We had guests and each day I added a bit more. Checked the scale and so that encouraged me to try more and more each day. Which is nice. I had not had pizza or booze this whole year. I found that if I stuck largely to my old routine and added a few things here and there I was fine. I continued to eat every few hours as is my norm. Plus between the flax seeds in my CSP shake or the psyllium in my protein pancakes, I think it helped things along the next day.

But, yesterday, whew. Out all day and a few too many carb choices.
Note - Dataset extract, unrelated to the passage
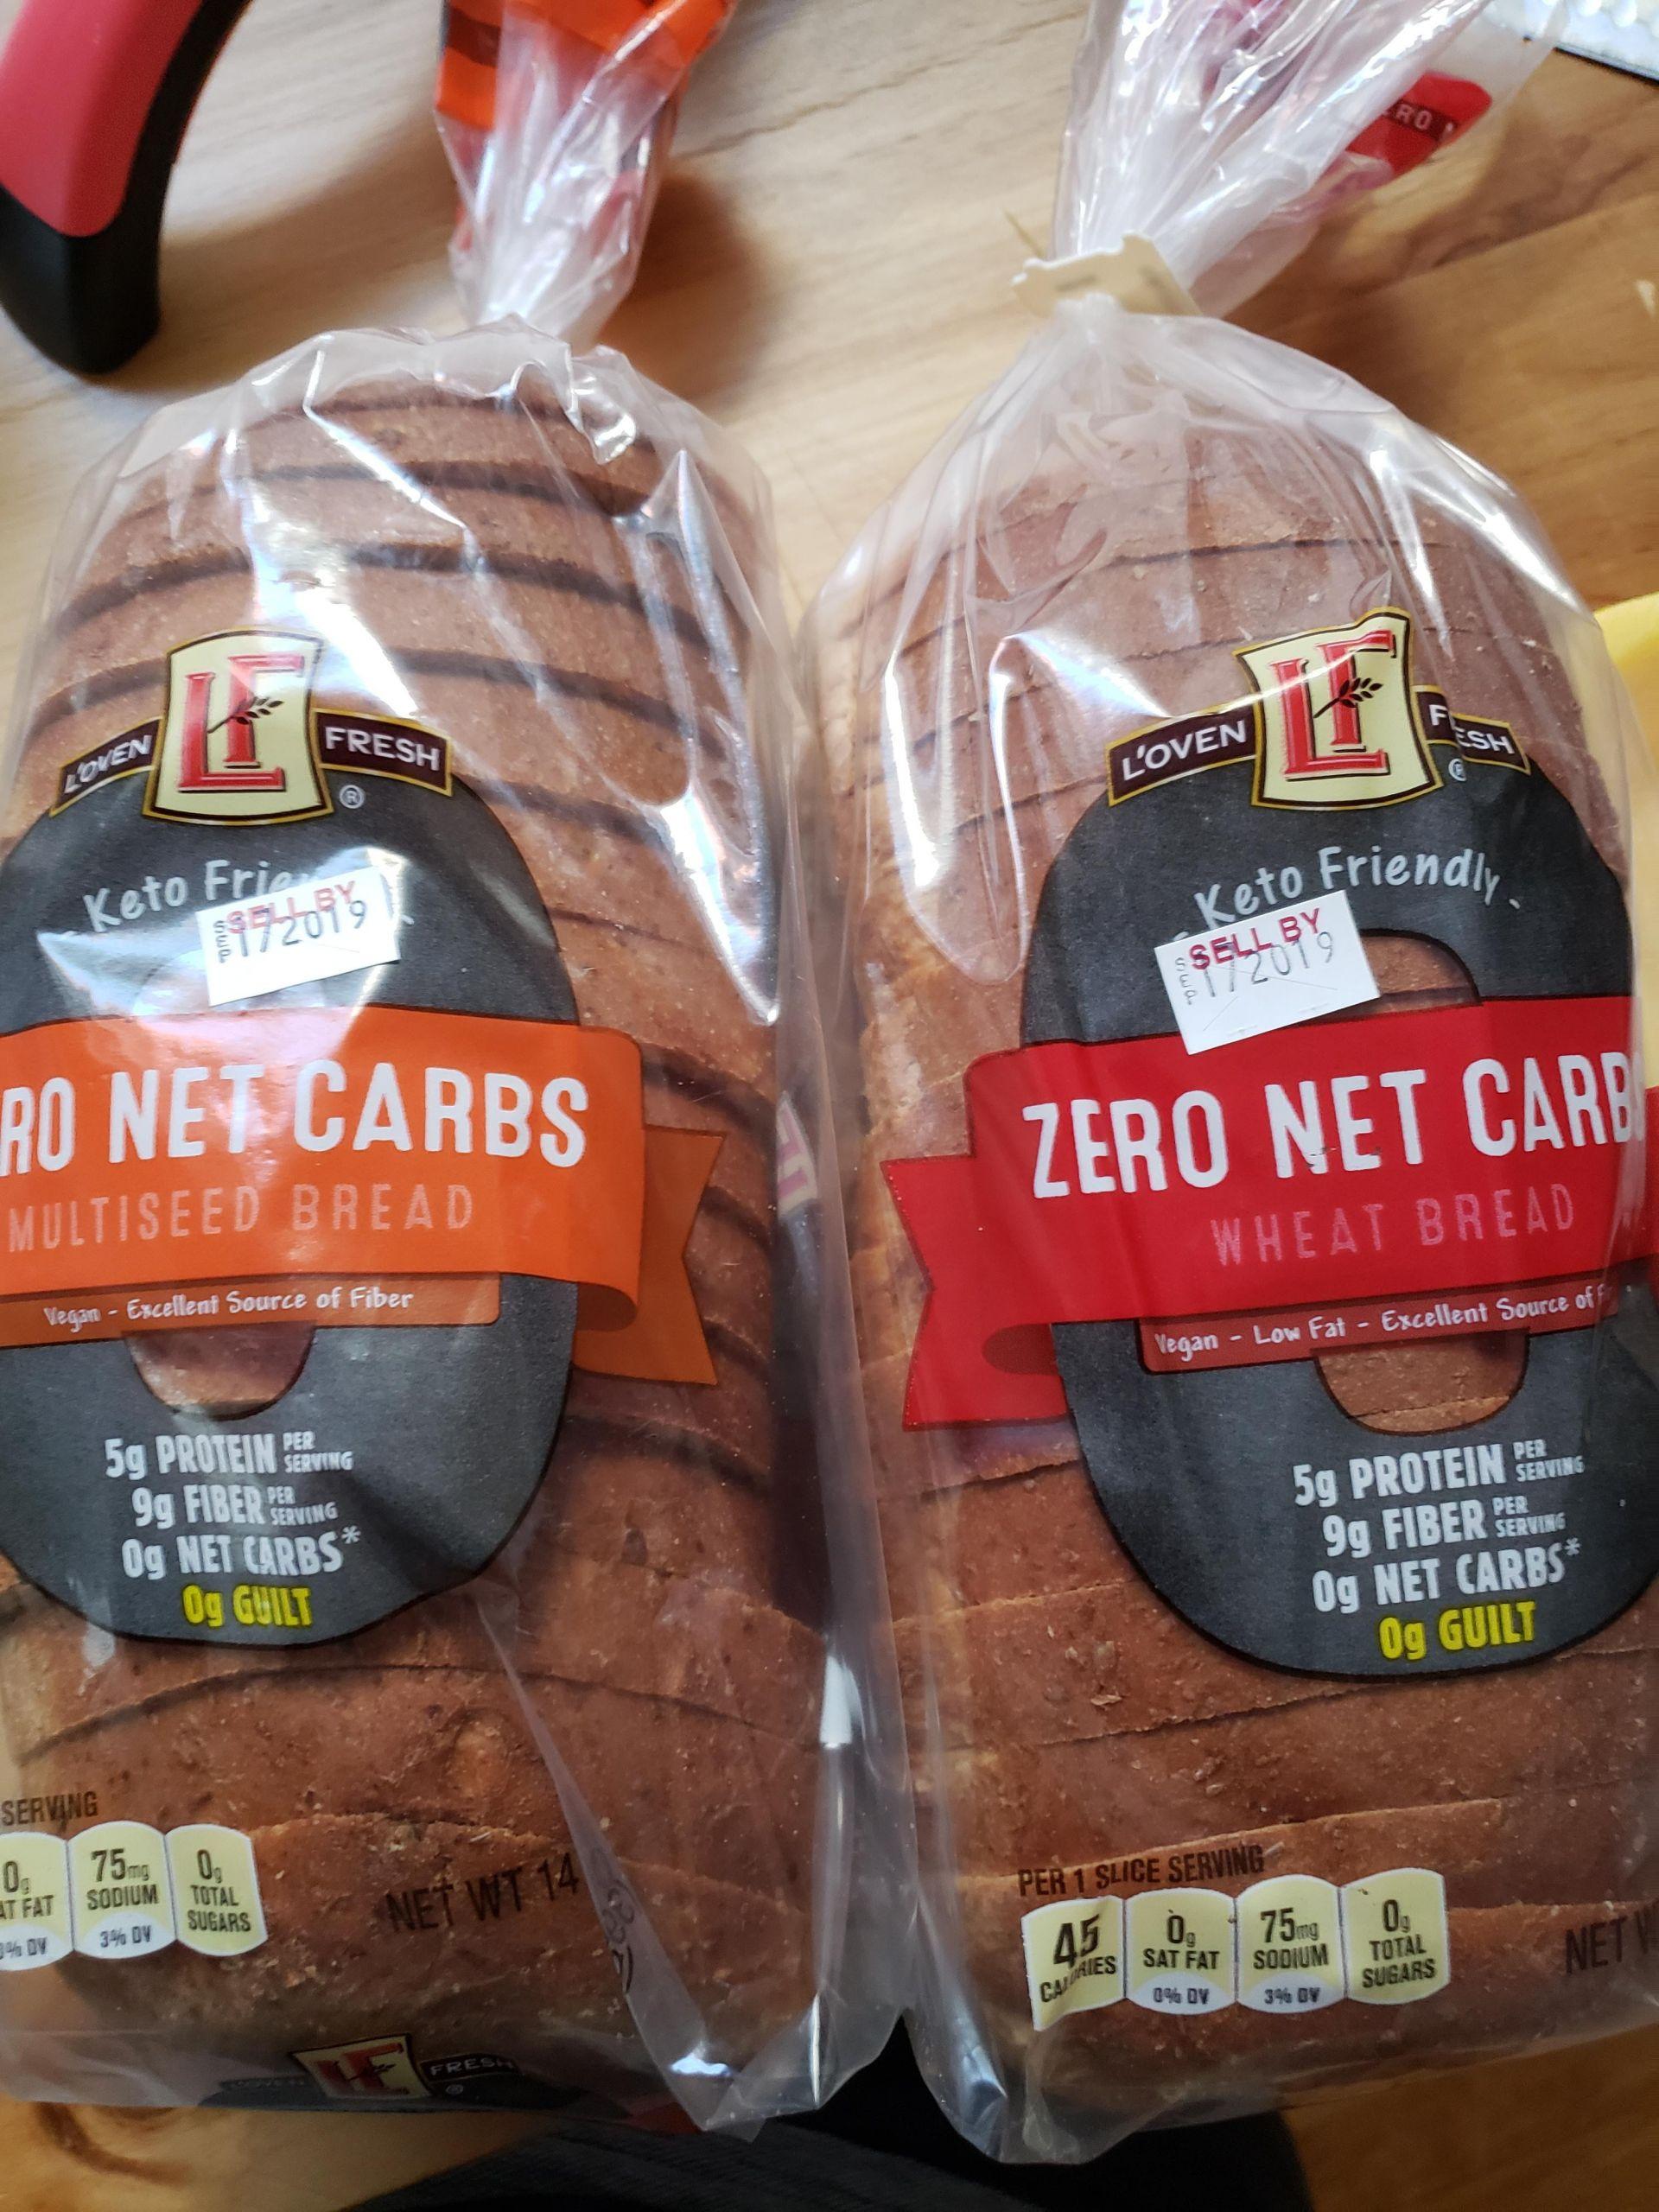 Low Carb Bread In Stores  Zero net carbs bread

The good news is that it is out of my system. And I am gladly enjoying my yogurt and berries as was my norm. After dinner yesterday I was okay this is it. And this morning, feeling as crappy as I do, this is definitely it. If the guests were still here I would have insisted on eating my way or separating for a meal. Just can’t do it anymore.

As I snarfed down a piece of pizza last night (yes, after dinner) I was like hmm, this is not that good. I had several pieces the day before and I suspect it was the novelty of it. Yummy. But, it was as if once I was done, I was done. Cold pizza was not as good as I remember from 2011. Yesterday reminded of me old eating habits. Oh pizza is in the fridge I will eat it. And if the pie was still there, I would have eaten that and so on and so on. And that was behavior I needed to catch as well.

This heavy, slow, tired, dull feeling is just not attractive or enticing. It’s like drinking and feeling the effects. I could have never compared carbs to booze but that is what it feels like. Good in mouth. Bad later. And that just isn’t fun anymore.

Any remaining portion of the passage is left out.